- **Data section**:
━━━━━━━━━━━━━━━━━━━━━━━━━━━━━━
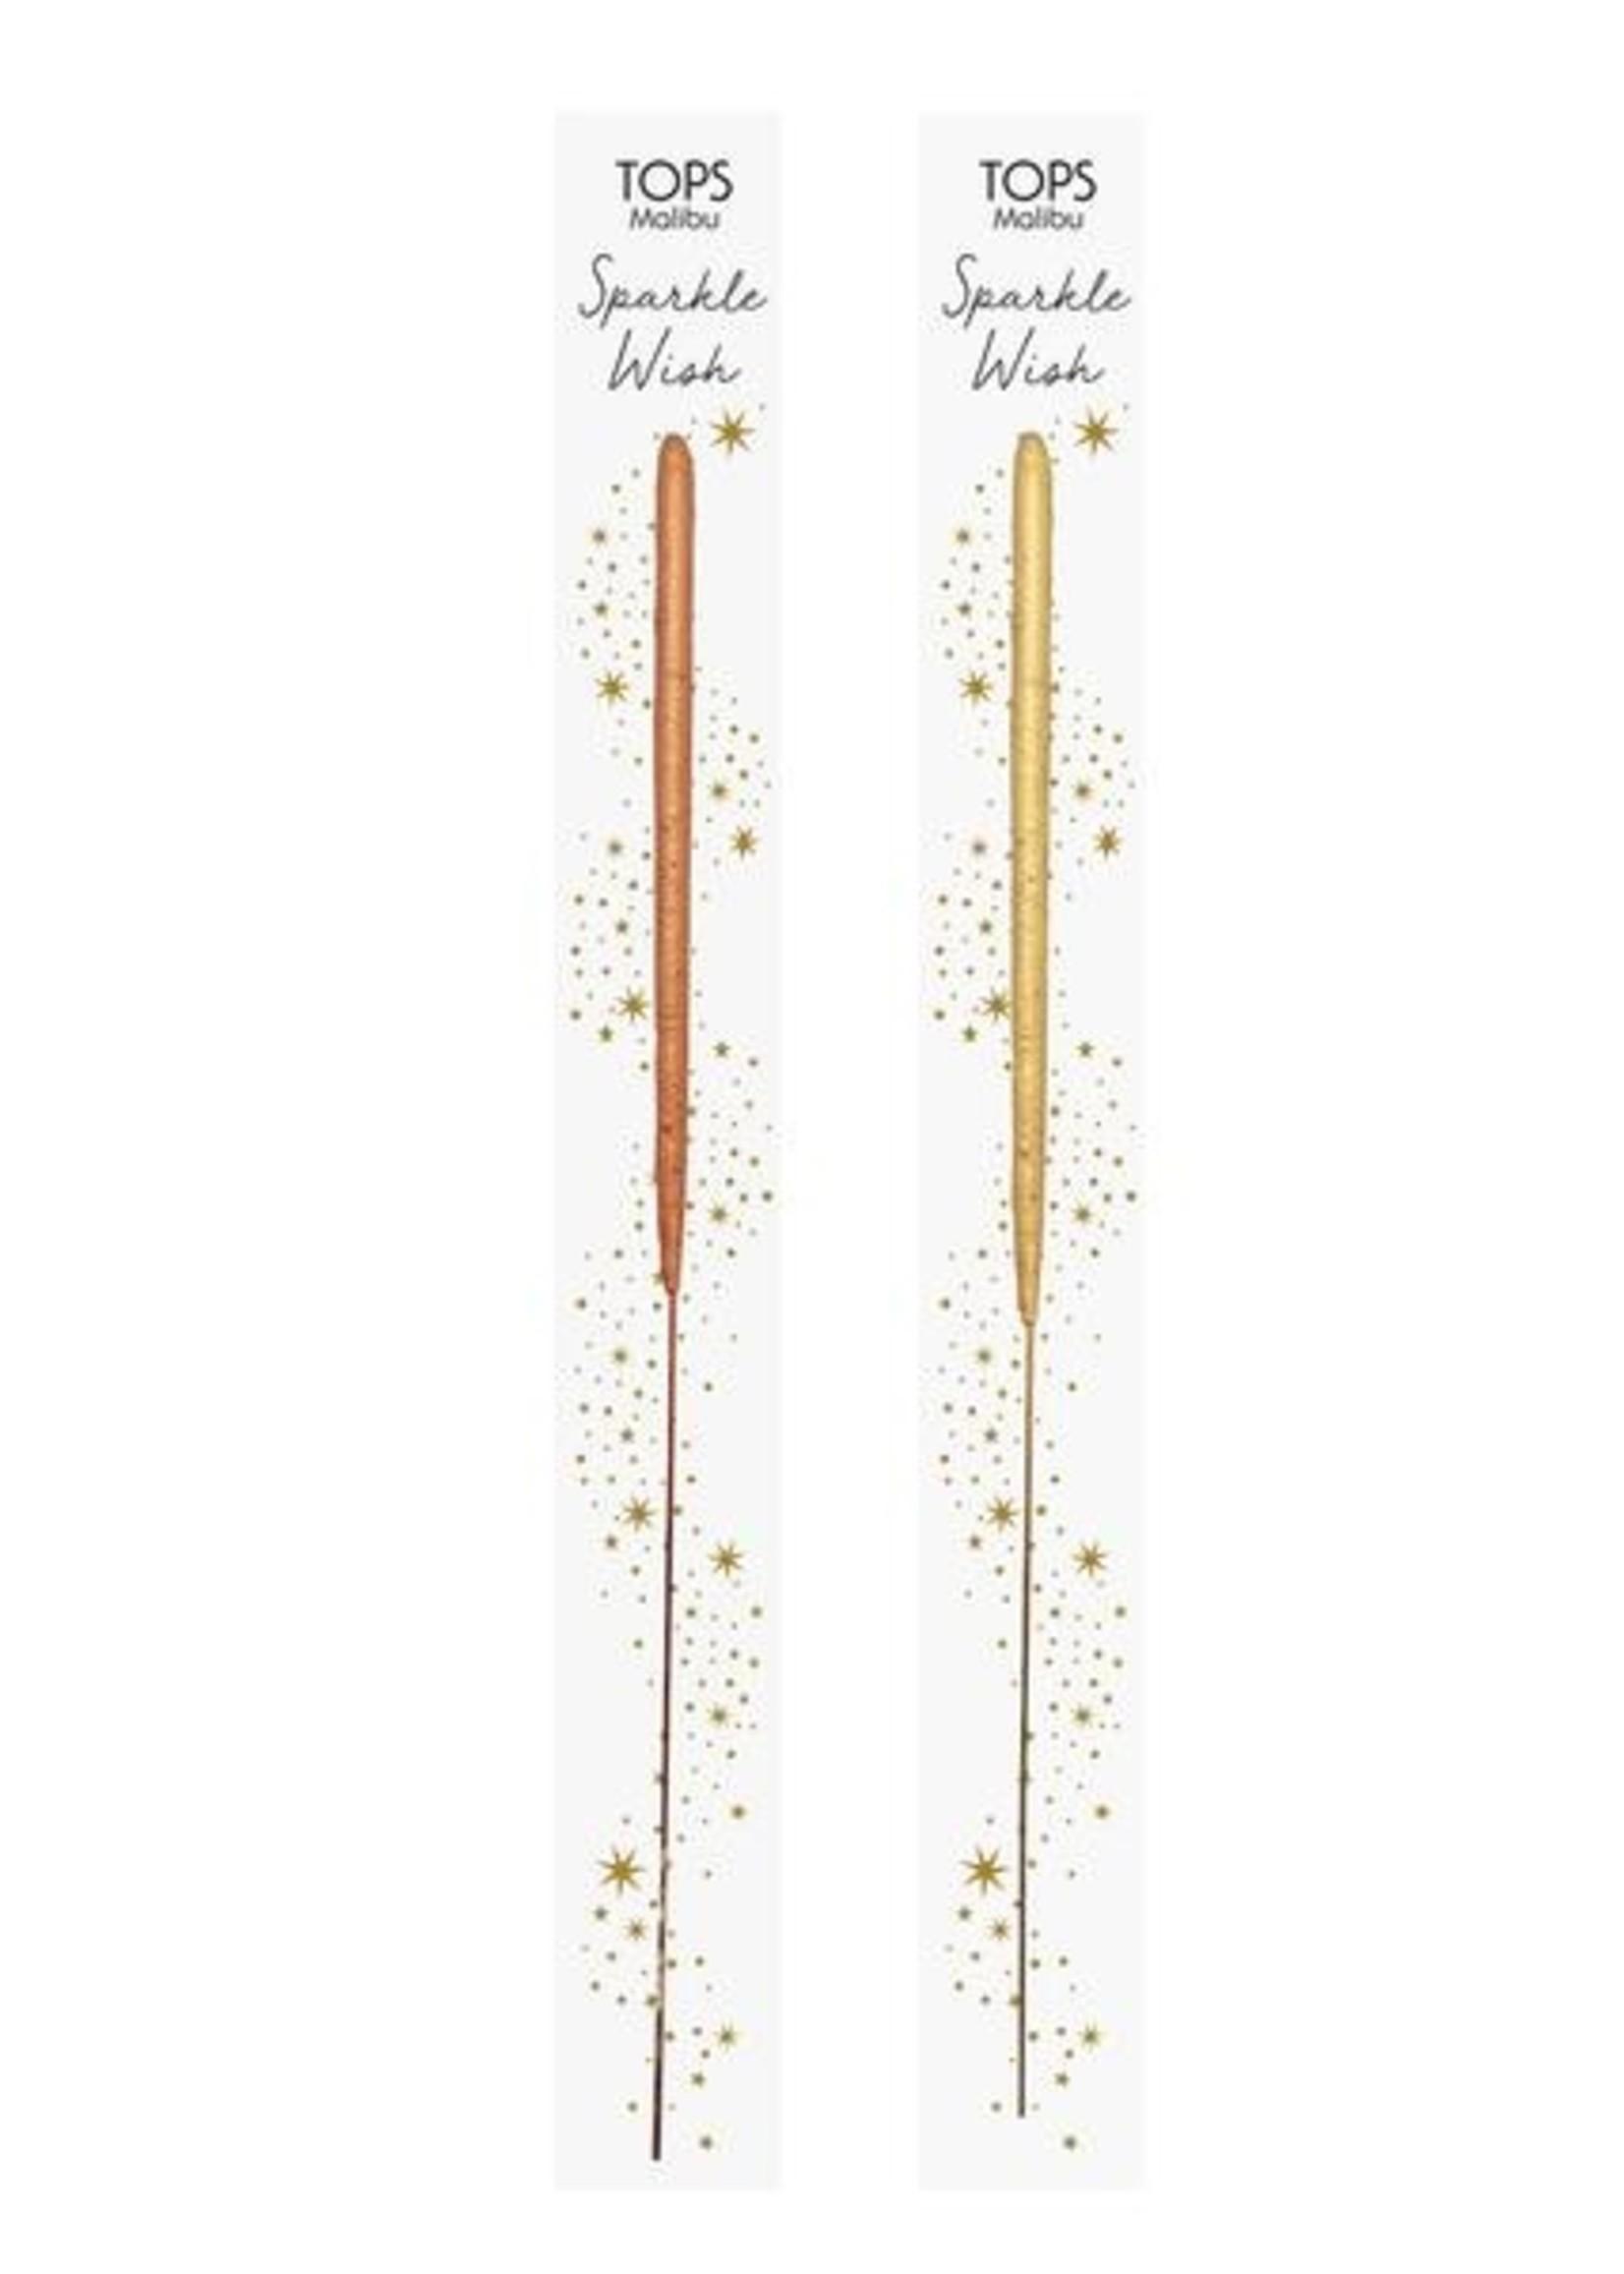 Tops Malibu Inc Single Wish Sparkler
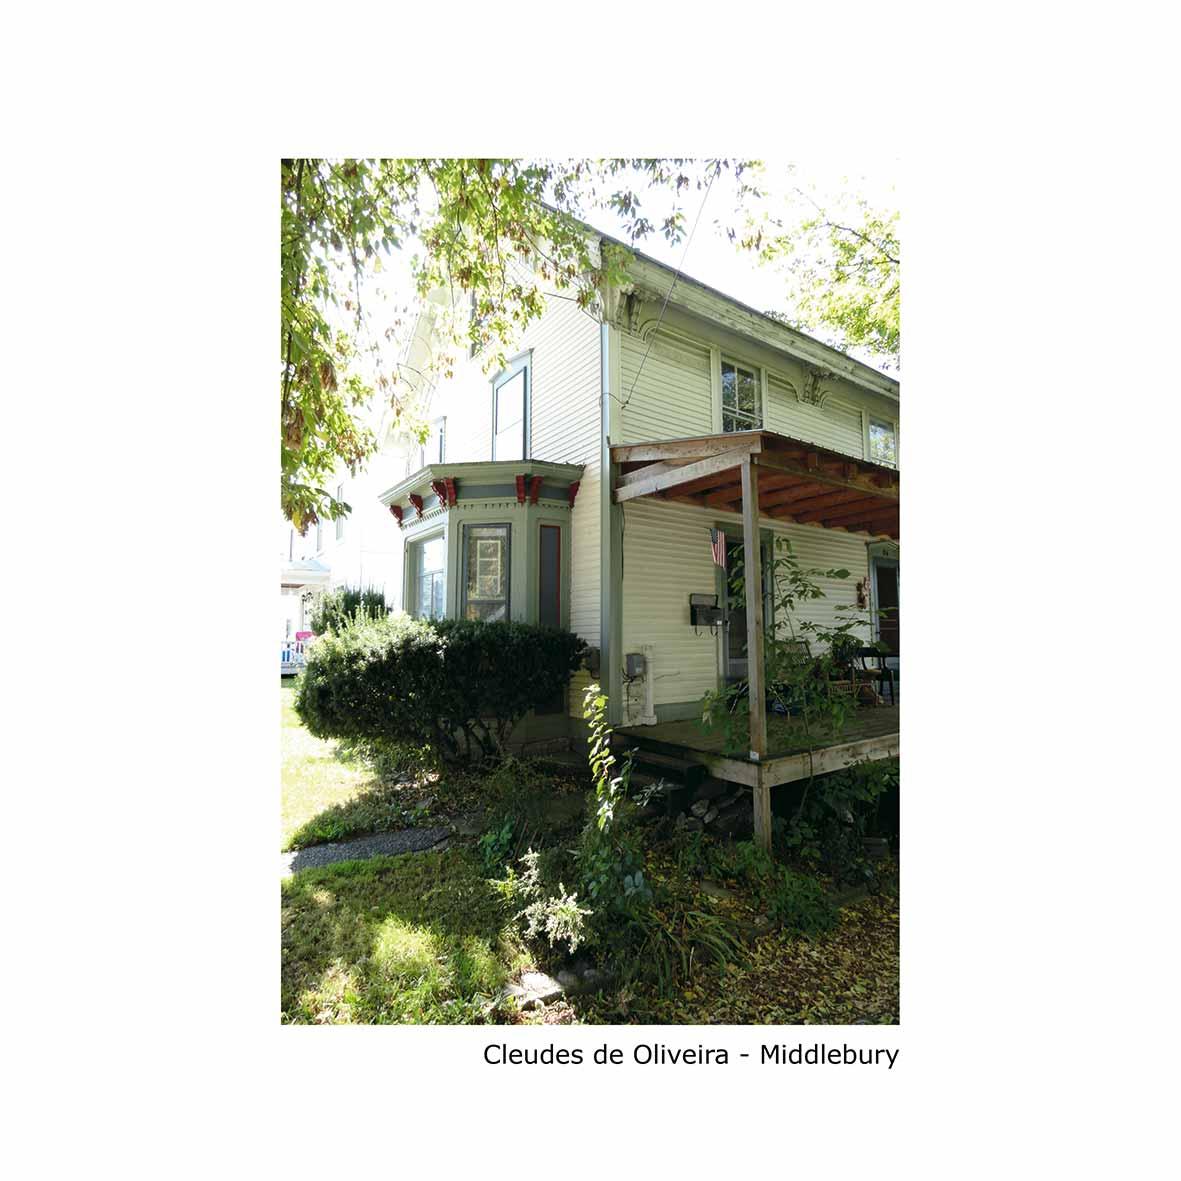 Cleudes-de-Oliveira---Middlebury
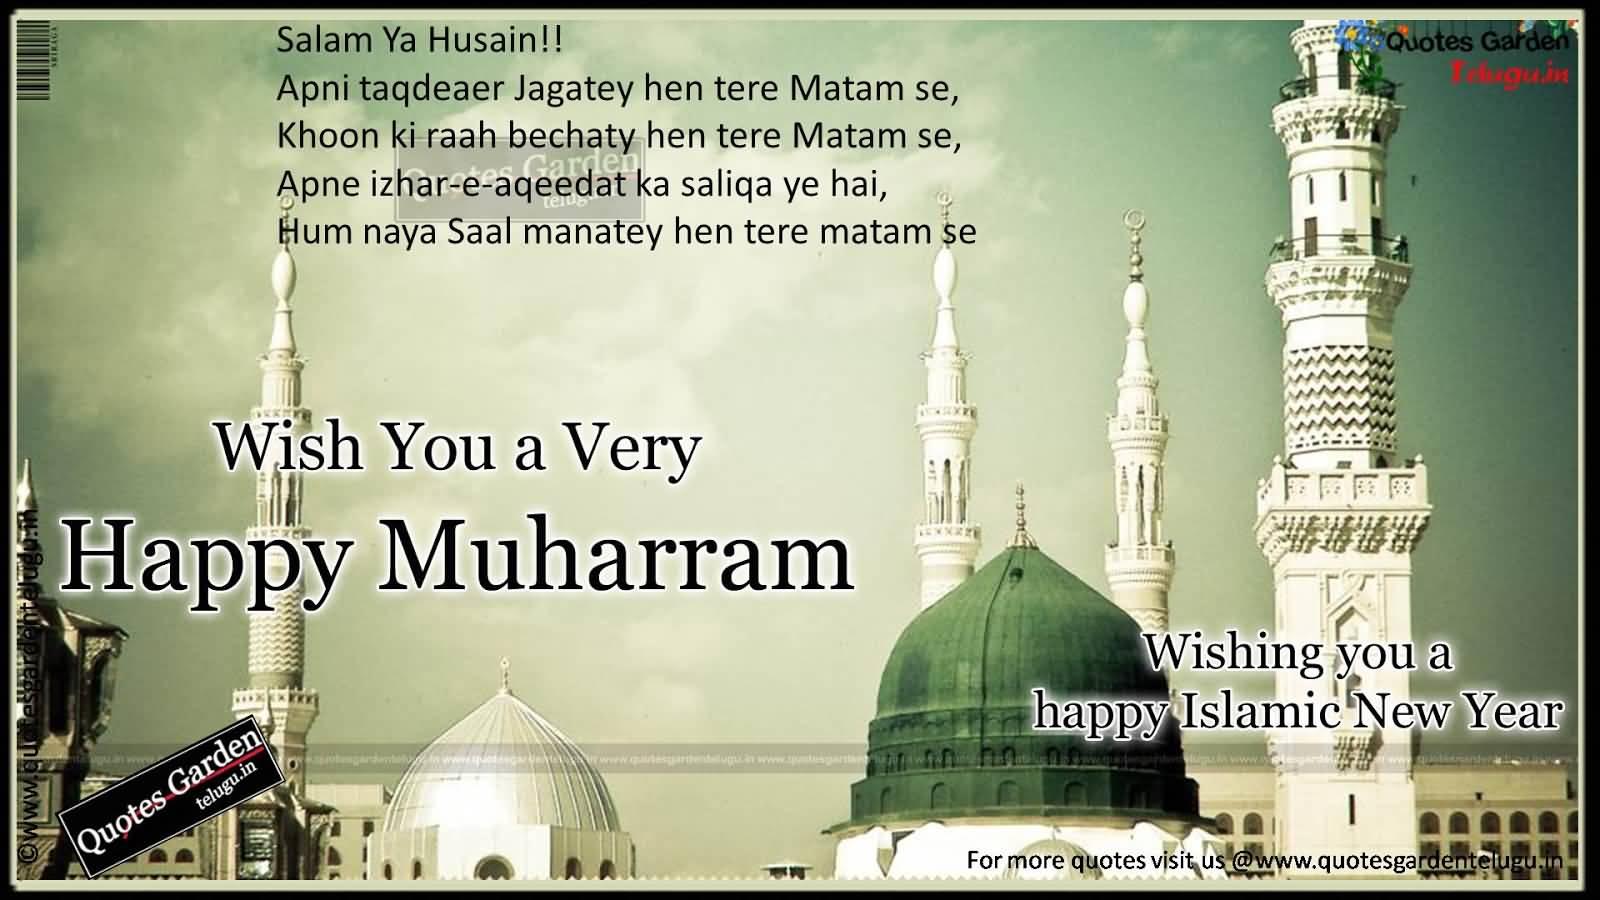 Wish You A Very Happy Muharram
━━━━━━━━━━━━━━━━━━━━━━━━━━━━━━
- **Your instructions**: The listing is to be reproduced in full and exactly, except that its pictures are to be dropped.

- **Solution for this task**:
 Tops Malibu Inc Single Wish Sparkler
 Cleudes-de-Oliveira---Middlebury
 Wish You A Very Happy Muharram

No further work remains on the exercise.